TF-IDF Website Auditor

The list of terms you see is sorted by the number of competitor pages that use them — this ensures that the most important, relevant terms appear at the top.

The Recommendation column gives you usage advice for each term that appears on the pages of 5 or more of the competitors:

  • Use more if the term’s TF-IDF on your page is below the competitors’ lowest value.
  • Use less if the term’s TF-IDF is above the competitors’ highest value.

You can even make changes to your page and implement these recommendations right in Web Site Auditor by going to Content Editor, where you can edit your content in HTML. Try playing around with the TF-IDF tool yourself in Website Auditor— I promise, you’re in for more than a few exciting discoveries.

N.B

One final word of caution – please don’t take every single recommendation in the TF-IDF dashboard literally.
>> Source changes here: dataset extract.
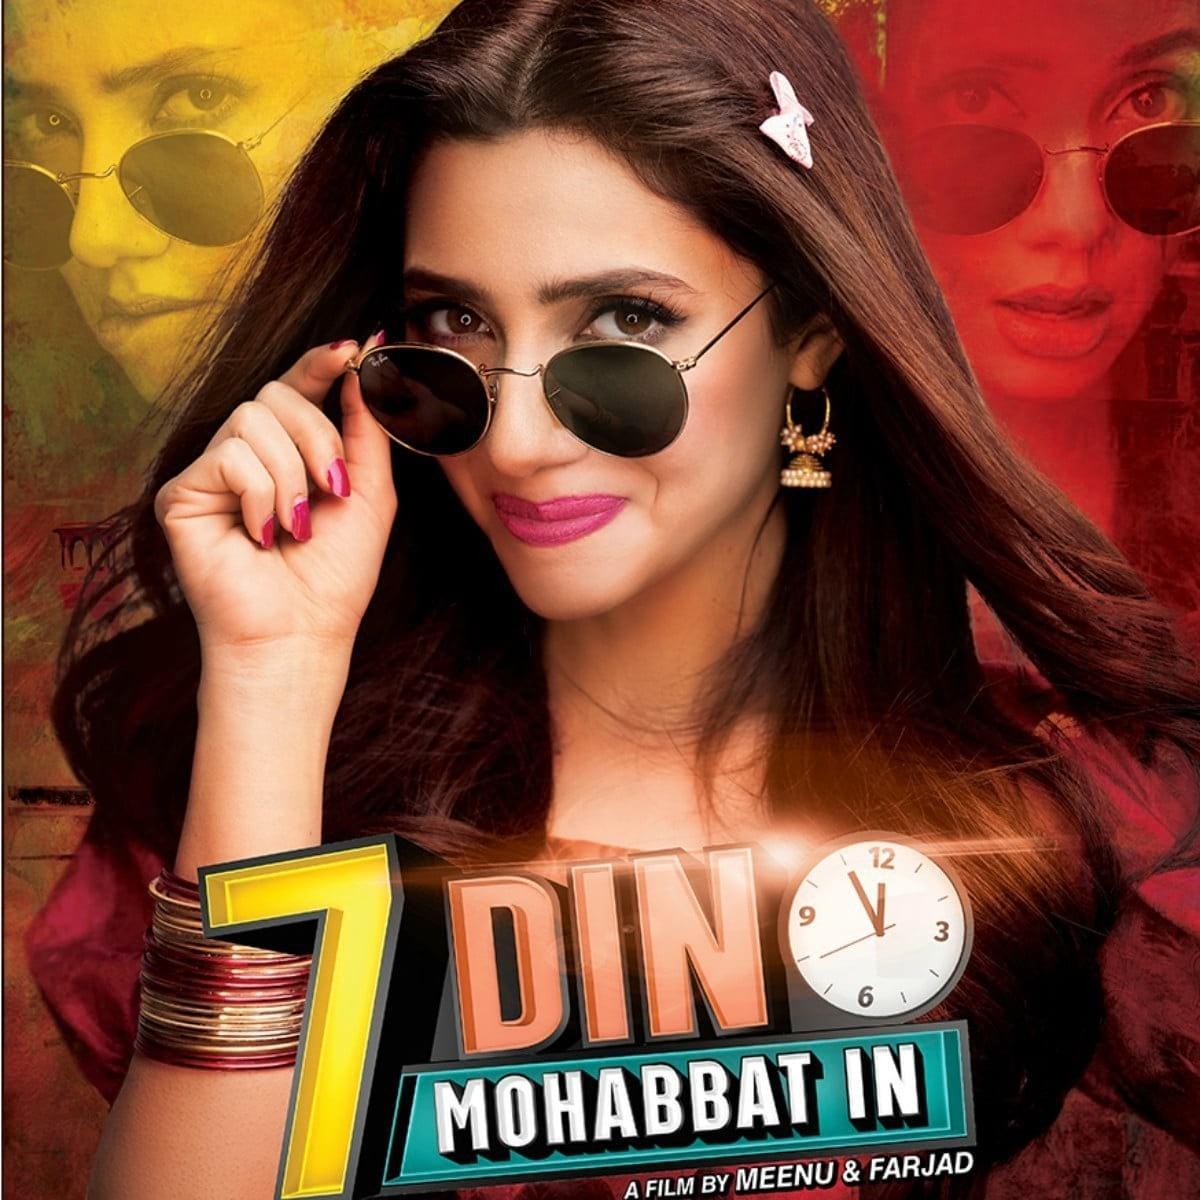 #15 7 Din Mohabbat In

The algorithm does its part to pick up the best terms for you and give you usage advice; but before you make changes to your page, remember that whatever content you’re adding, it has to offer value to the user.

In other words, don’t try to use this as a way to trick search engines into thinking your page is something it really isn’t; instead, use it as algorithmic inspiration for keyword ideas and improving your content.